俺は、リーザの首根っこを掴んでズルズルと引きずり上げ、彼女の耳元で低い声で囁いた。
「てめぇ……ウチの純真な新入社員に、『違法賭博』と『マネーロンダリング』を仕込んでんじゃねぇよ!!」
「い、違法だなんて人聞きの悪い! わたくしはただ、ルナ様の力で少しだけ確率を収束させただけで……っ!」
「釘の配置を無視して空中で玉を曲げるのが確率の収束か! それは業界用語で『ゴト行為』って言うんだよ! 立派な犯罪(コンプライアンス違反)だ!!」
俺はリーザの頭にチョップを落とした。
「いいか!? もし店側にこのイカサマがバレてみろ。ポポロ亭の従業員がゴト師として捕まったなんて噂が広まれば、店のブランドイメージは地に落ちる! 客足は遠のき、売上は激減、俺たちは路頭に迷う大赤字(倒産)ルート一直線だぞ!!」
俺の烈火の如き説教(経営リスクの説明)に、リーザは涙目で「ごめんなさぁぁい!」と土下座の姿勢に入った。
「リアン社長……? リーザちゃん、どうして怒られているんですか? 私たち、世界を救うために……」
「ルナ。お前もだ」
俺は、キョトンとしているルナの方に向き直り、ビシッと指を突きつけた。
「お前のやったことは、世界を救うどころか、ただの『窃盗の幇助』だ。ギャンブルってのはな、客が負ける確率があるからこそ、店側が商売として成り立ってるんだ。

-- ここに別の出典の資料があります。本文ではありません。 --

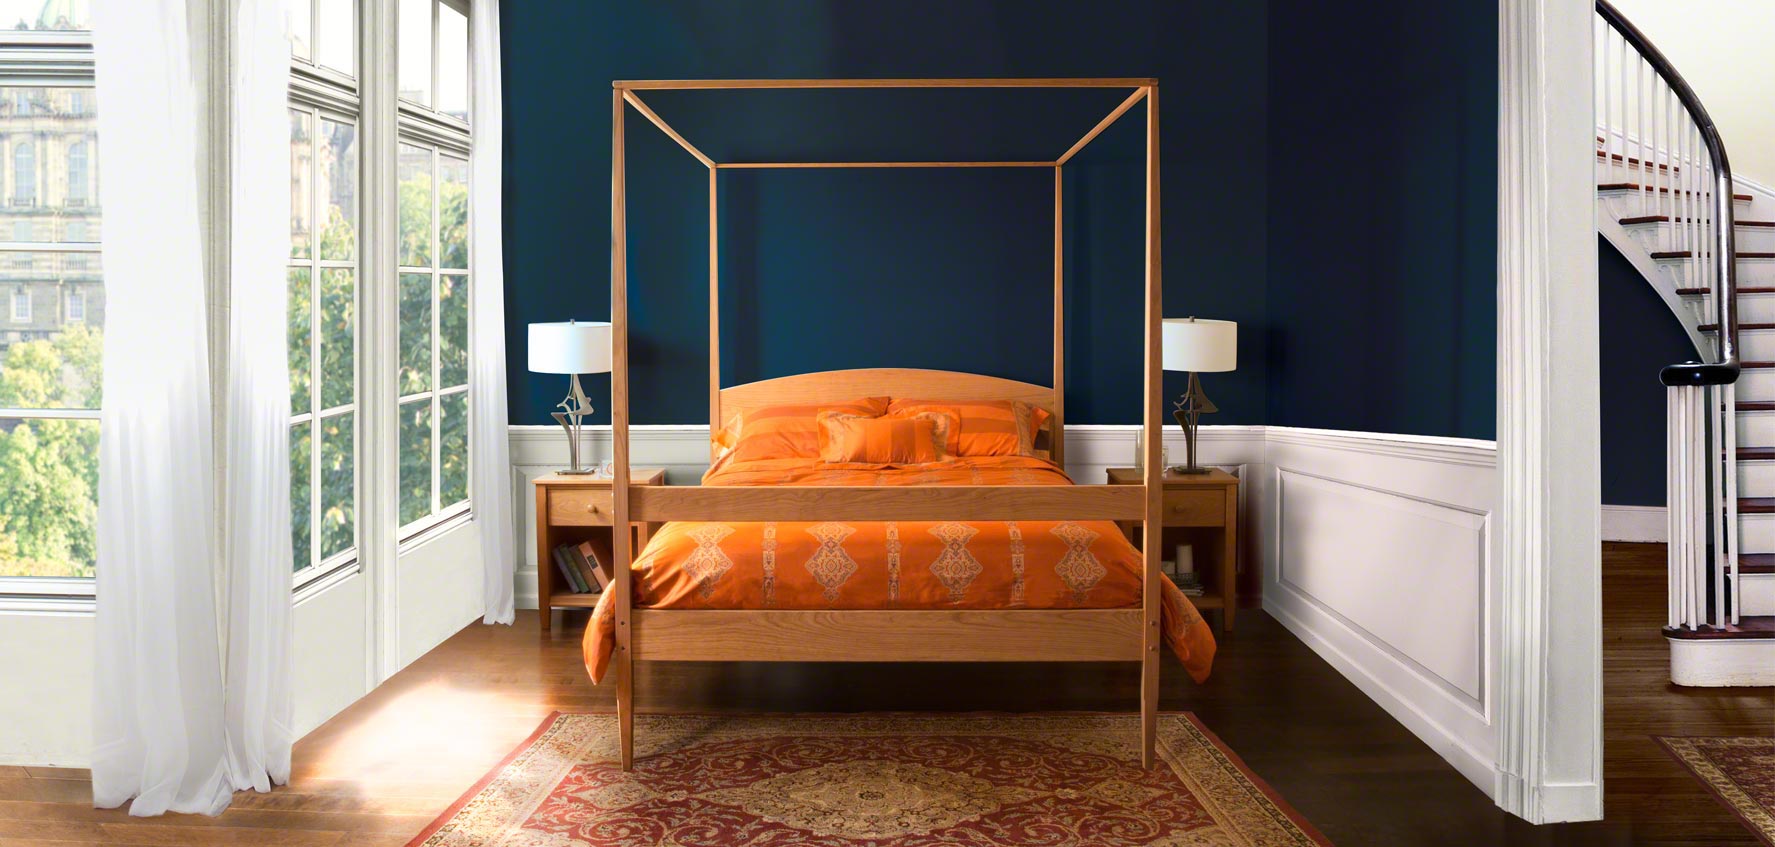 Shaker Bedroom Furniture | Award for Sustainably Harvested Wood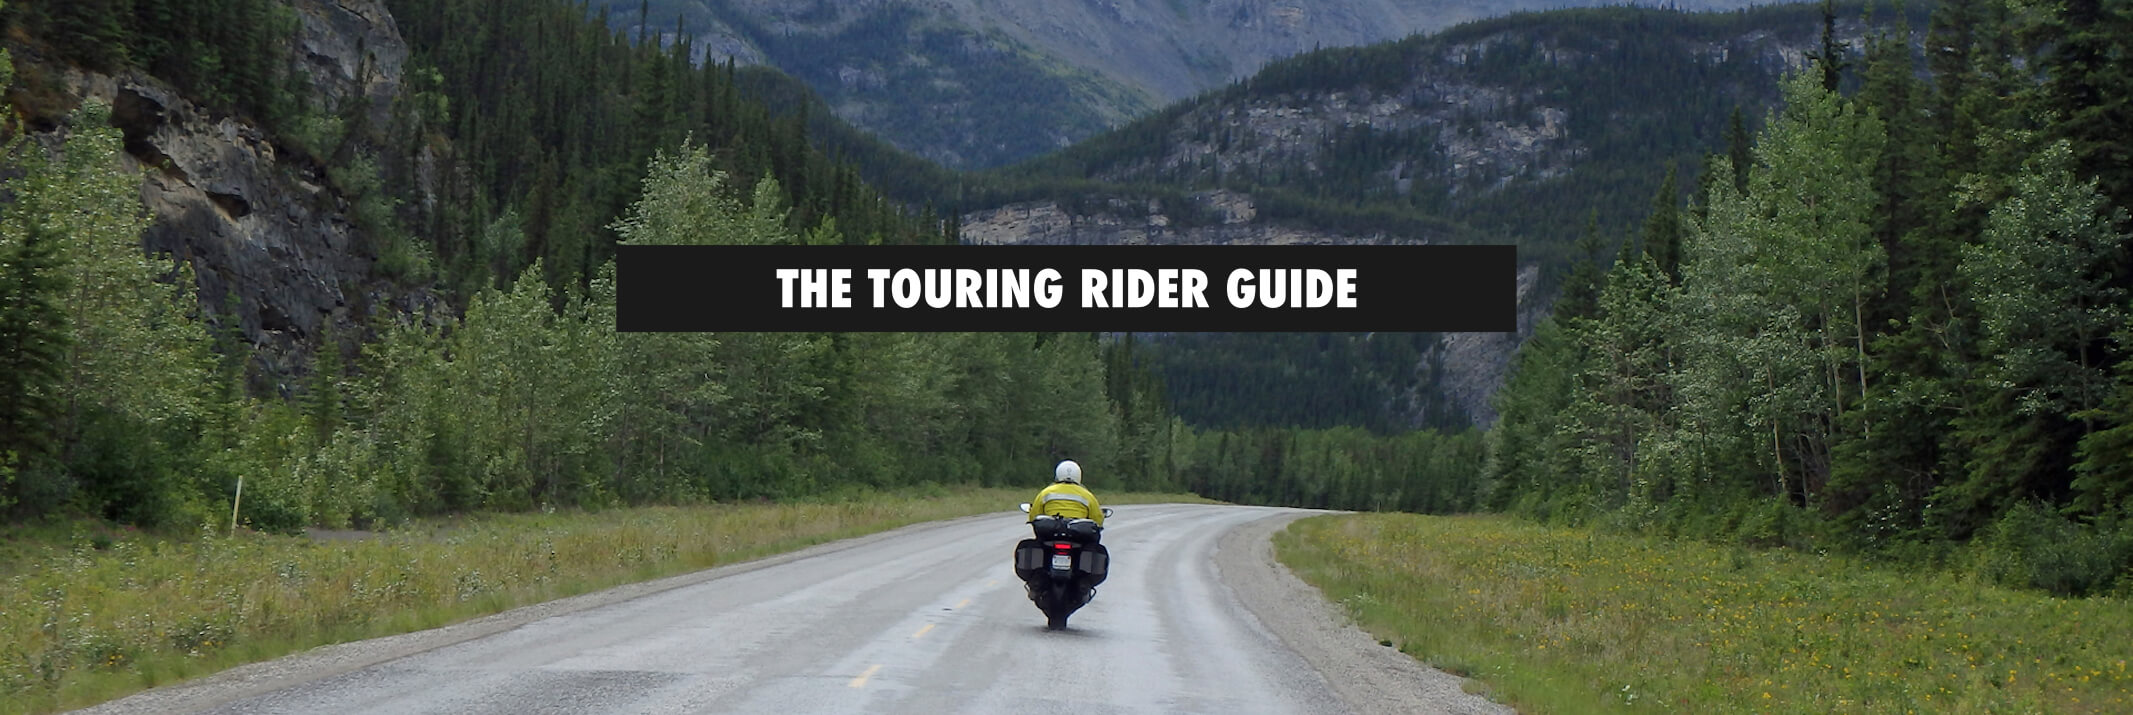 The Touring Rider

それを魔法で強制的にブチ抜くのは、経済のルールを物理で破壊する反則行為だ。そんな金で食う飯は、泥より不味いぞ」
「泥より、不味い……。私、またダメなことを……」
ルナが、シュンと肩を落とし、ドレスの裾をギュッと握りしめる。
本当に悪気がないだけに、怒るに怒りきれないのがこのエルフの厄介なところだ。
「……まぁいい。まだ換金する前だったのが救いだな」
俺はため息をつき、店員を呼んだ。
「すまん。ウチの身内が、ちょっと『魔力暴走』で台をバグらせちまったみたいだ。この玉は全部無効(没収)で構わないから、台の点検をしてやってくれ。迷惑料として、これは受け取ってくれ」
俺は店員に銀貨を数枚握らせ、穏便に事態を収拾(示談)した。
積み上げられたドル箱が店員に回収されていくのを見て、リーザは「あぁぁっ! わたくしのカツ丼がぁぁっ! 苺パフェがぁぁっ!!」と血の涙を流しながら絶叫していた。
帰還、そして罰則
ポポロ亭の裏口。
俺は、二人の首根っこを掴んで店へと帰還した。
「リーザ。お前には罰として、三日間の『おやつ(パンの耳)没収』、およびホールの床磨き刑を命ずる」
「そんなぁぁっ! パンの耳がないと、わたくし飢え死にしてしまいますわーっ!!」
「自業自得だ。反省しろ」
泣き喚くリーザを放置し、俺はしょんぼりとしているルナの方を向いた。
「ルナ。お前は能力の使い所を間違えてるだけだ。悪知恵に利用されやすいから、次からリーザに美味い話を持ちかけられても、絶対に『承認』を押すな。必ず俺に相談しろ」
「はい……ごめんなさい、リアン社長。私、もっと社会のルール(コンプライアンス)をお勉強します……!」
ルナがウルウルと涙目で俺を見上げてくる。
その素直さと、絶望的な世間知らずっぷりに、俺は再び深いため息をついた。
(……ヤンデレ兎に、見栄っ張りトカゲに、強欲人魚。そこに極めつけの『善意のテロリスト』が加わったか)
俺の求める「定時退社で怠惰なスローライフ」は、もはや銀河の彼方へと飛び去ってしまったようだ。
俺は、今夜も胃薬を水で流し込みながら、ブラック企業と化した我がクランの明日の営業に向けて、帳簿を開き直すのだった。
読んでいただきありがとうございます。